I ran the double precision benchmark,
on GTX 480:
Windowed mode
Simulation data stored in video memory
Double precision floating point simulation
Compute 2.0 CUDA device: [GeForce GTX 470]
14336 bodies, total time for 10 iterations: 643.409 ms
= 3.194 billion interactions per second
= 95.828 double-precision GFLOP/s at 30 flops per interaction
on a single core of GTX 295:
Windowed mode
Simulation data stored in video memory
Double precision floating point simulation
Compute 1.3 CUDA device: [GeForce GTX 295]
30720 bodies, total time for 10 iterations: 5868.665 ms
= 1.608 billion interactions per second
= 48.242 double-precision GFLOP/s at 30 flops per interaction
So the GTX 295 have similiar DP performance as the GTX 470.
I also ran transposeNew example in sdk 3.0. Note that the sdk 3.0’s transposeNew using different configuration than the 2.3 or 2.2 sdks.
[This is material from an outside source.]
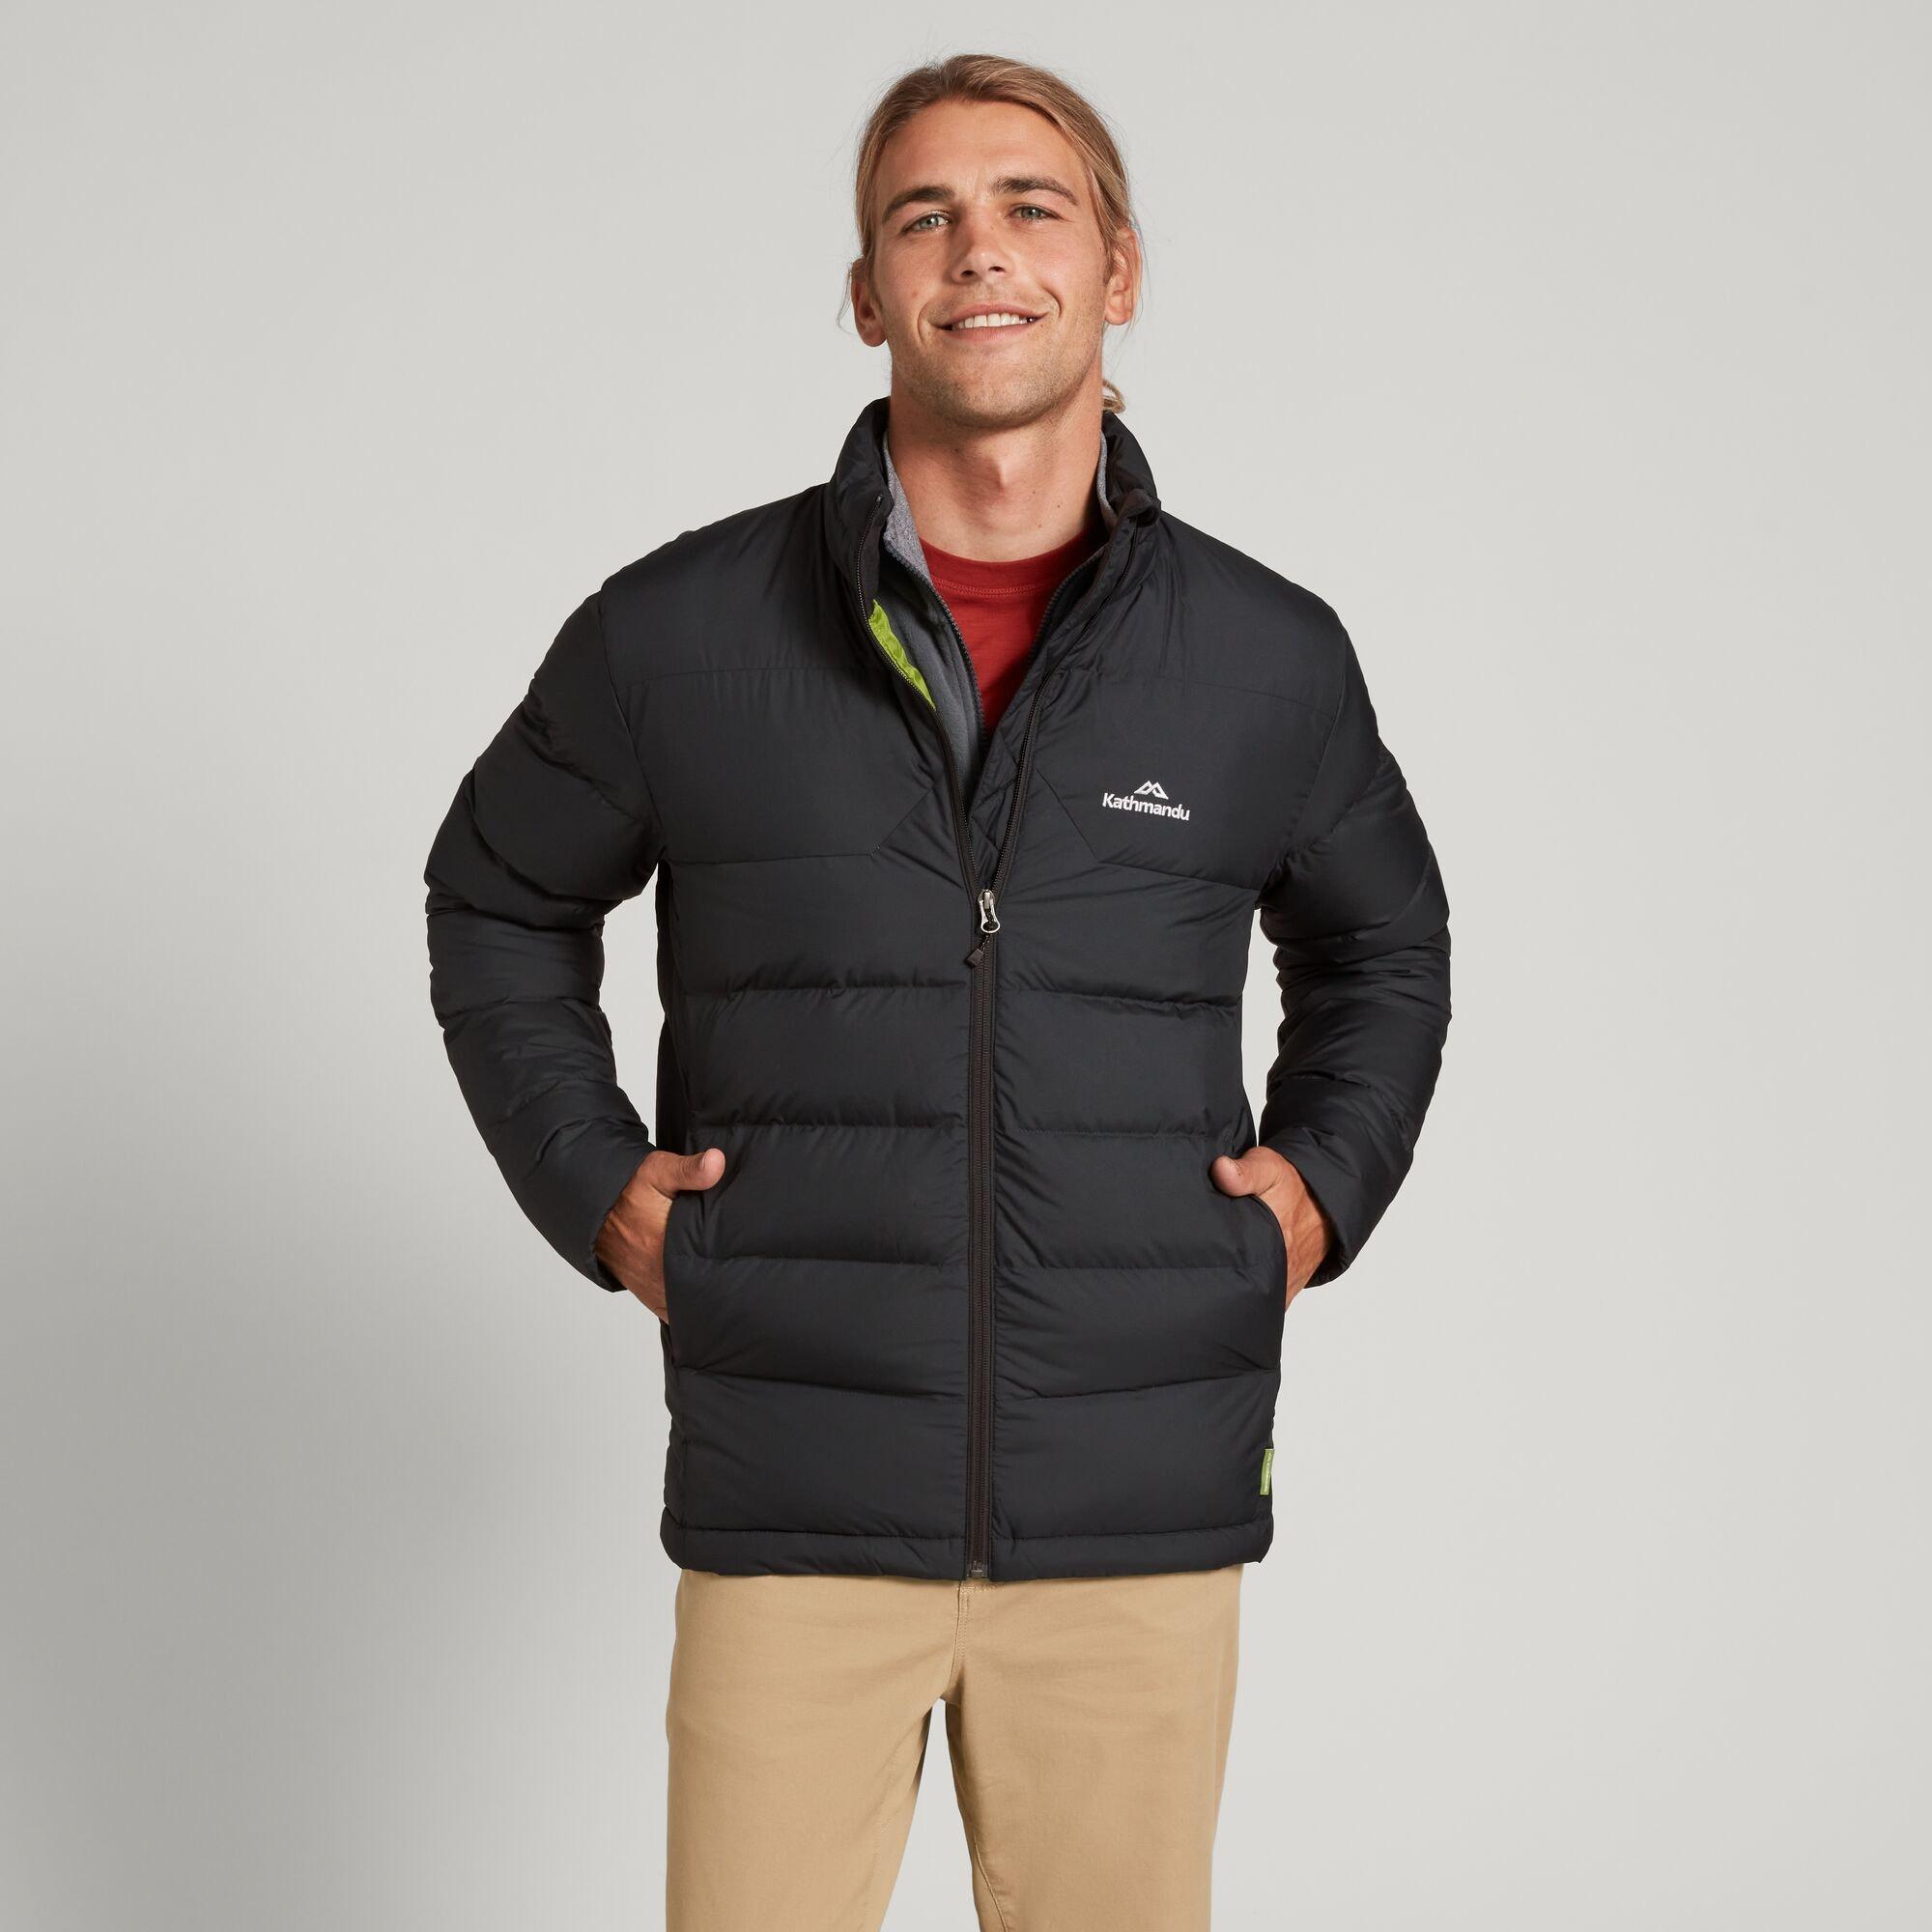 thumbnail 13 - NEW Kathmandu Epiq Mens 600 Fill Down Puffer Warm Outdoor Winter Jacket

I only list a few things of my interest.
Matrix size: 1024x1024 (64x64 tiles), tile size: 16x16, block size: 16x16
GTX 295:
transposeNew-Outer-naive transpose , Throughput = 8.4393 GB/s, Time = 0.92573 s, Size = 1048576 fp32 elements, NumDevsUsed = 1, Workgroup = 256
transposeNew-Inner-naive transpose , Throughput = 8.5637 GB/s, Time = 0.91228 s, Size = 1048576 fp32 elements, NumDevsUsed = 1, Workgroup = 256
GTX 470:
transposeNew-Outer-naive transpose , Throughput = 46.0231 GB/s, Time = 0.02387 s, Size = 147456 fp32 elements, NumDevsUsed = 1, Workgroup = 256
transposeNew-Inner-naive transpose , Throughput = 71.4125 GB/s, Time = 0.01538 s, Size = 147456 fp32 elements, NumDevsUsed = 1, Workgroup = 256
Ok, here, we can see the cache helps a lot in naive transpose, so you don’t pay big penalty if you don’t pay attention to those details.
GTX 295:
transposeNew-Outer-no bank conflict trans, Throughput = 51.2110 GB/s, Time = 0.15256 s, Size = 1048576 fp32 elements, NumDevsUsed = 1, Workgroup = 256
transposeNew-Inner-no bank conflict trans, Throughput = 56.4173 GB/s, Time = 0.13848 s, Size = 1048576 fp32 elements, NumDevsUsed = 1, Workgroup = 256
GTX 470:
transposeNew-Outer-no bank conflict trans, Throughput = 73.6681 GB/s, Time = 0.01491 s, Size = 147456 fp32 elements, NumDevsUsed = 1, Workgroup = 256
transposeNew-Inner-no bank conflict trans, Throughput = 202.6101 GB/s, Time = 0.00542 s, Size = 147456 fp32 elements, NumDevsUsed = 1, Workgroup = 256
Here, the no bank conflict transpose is the fastest implementation on both gpu. I don’t know if those inner loop scenario number matters to us. If we only look at outer loop case, the throughput is gtx 470’s 73.7 GB/s vs the GTX 295’s 51.2x2=102.4 GB/s. I don’t think GTx 480 will surpass GTX 295 in this test as well.
So my gut feeling is, the features that GF100 offers like DP and cache which will help some people to tackle their problem that requires better DP performance, and help some people to get decent performance without worry too much about optimizing code. But for an already optimized single-precision CUDA program, GTX 295 is the best choice.